2.5 Discussion of the extended Dirac equation

2.6 Consequences of the extended Dirac equation


3. THE IFCS MODEL OF THE GRAVITATIONAL INTERACTION

3.1 The theory of gravitation and the General Theory of Relativity

3.2 Geometries of the GTR (Riemann, Finsler)

3.3 Philosophical considerations on the difference between equivalence and identity. What does not mean the equivalence principle?

3.4 The gravitational equation with the distinction between the (isotopic) gravitational and inertial masses

3.5 Expected changes in the solutions of the modified gravitational equation


4. PERSPECTIVES OF THE IFCS MODEL

4.1 Adventures beyond the Standard Model

4.2 An alternative to the supersymmetric model

4.3 Prediction of possible new mediating bosons

Textbook: G. Darvas (2014) Another Version of Facts. On Physical Interactions, 134 p.

Proposed reading:
http://arxiv.org/abs/0811.3189v1
http://www.springerlink.com/content/g28q43v2112721r1/
http://link.springer.com/article/10.1007/s10773-013-1693-1
http://link.springer.com/article/10.1007%2Fs10773-013-1781-2

______________________________

INTRODUCTION to the Textbook

This book treats fundamental physical interactions starting from two preliminary assumptions.

(a) Although mass of gravity and mass of inertia are equivalent quantities in their measured values, they are qualitatively not identical physical entities. We will take into consideration this difference in our equations.
Later we will extend this ‘equivalence is not identity’ principle to sources of further fundamental interaction fields, other than gravity.

(b) Physical interactions occur between these qualitatively different entities.

These two assumptions do not contradict to any known physical theory, however, they allow another interpretation of facts built in our explanations of physical experience.

First we interpret the mentioned preliminary assumptions. Then we will sketch in main lines a picture of fundamental physical fields influenced by the distinction between the two qualitative forms of the individual field-charges and interaction between them. A next part will demonstrate the existence of an invariance between the two isotopic forms of the field charges, and will formulate certain consequences in our view on the physical structure of matter. Finally we will discuss how can these results potentially change our approach to a few open questions of physics, including the effects of a family of intermediate bosons to be predicted by the proven invariance between the assumed isotopic states of the individual field charges.

The proposed conceptual framework and assumption on the interaction mechanism goes beyond the Standard Model (SM). Many physicists are convinced that SM does not hold eternally alone and is not untranscendable; there will appear new, more precise theories that will partially include the SM, and answer those questions that are left open by the SM. However we do not certainly know how, at least at present.

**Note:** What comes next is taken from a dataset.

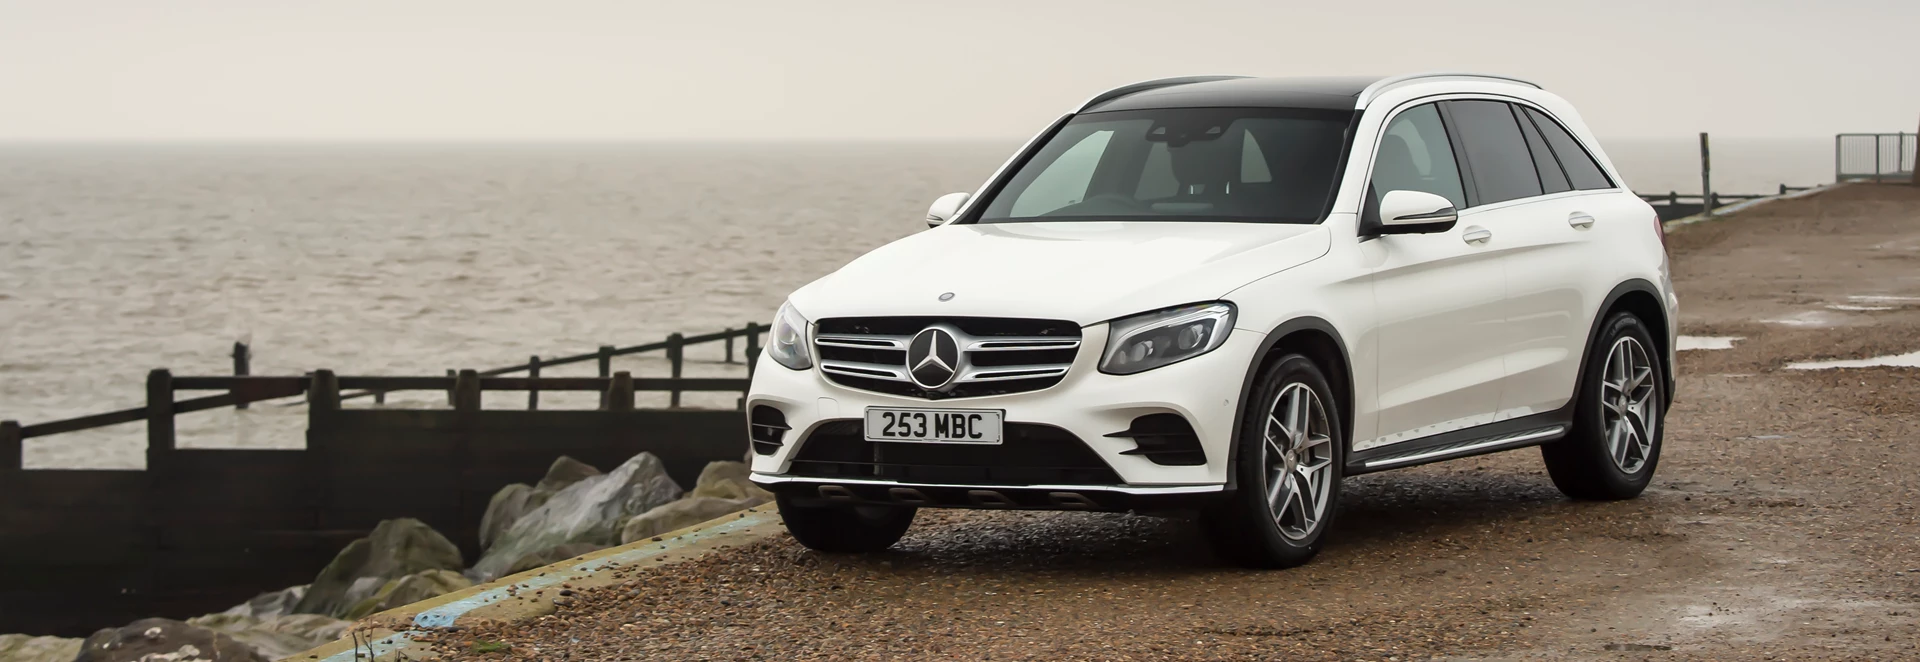 Mercedes achieves record sales and customer satisfaction up 
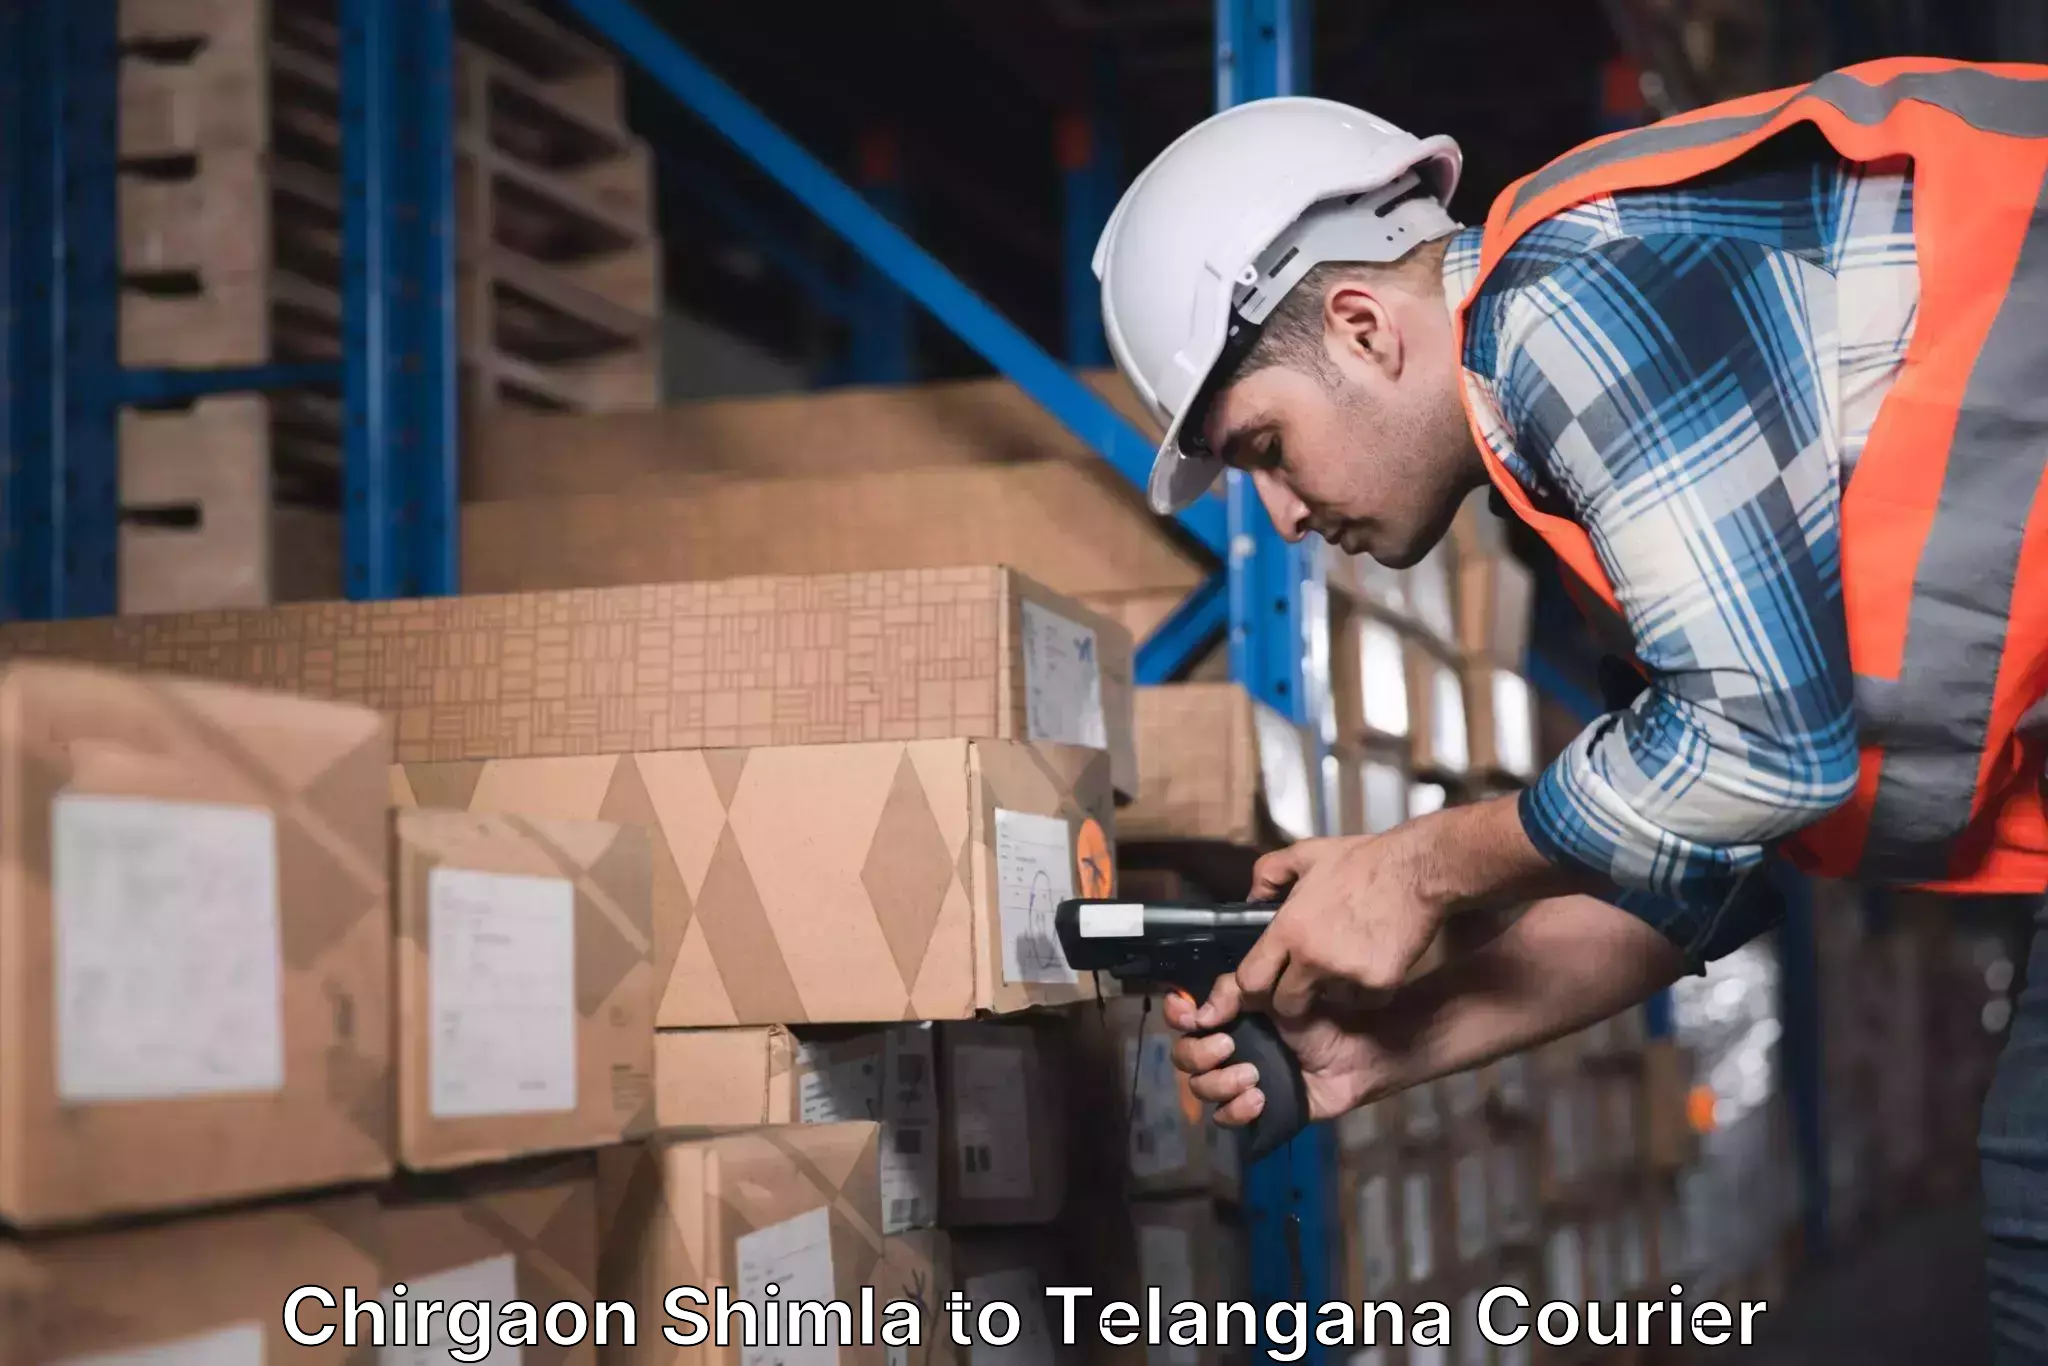 State-of-the-art courier technology Chirgaon Shimla to Telangana

CERN organised three workshops to discuss possible theoretical candidate models beyond the SM to base a “new physics” in accordance with fine scale anomalies and symmetry breakings in high energy experiments, in 2005-2007 (CERN workshop, 2008a; CERN workshop, 2008b; CERN workshop, 2008c). They agreed that SM holds, it needs only some extensions. So do we as well. Section IV of the present work provides an alternative extension theory, still not discussed in those three working group reports.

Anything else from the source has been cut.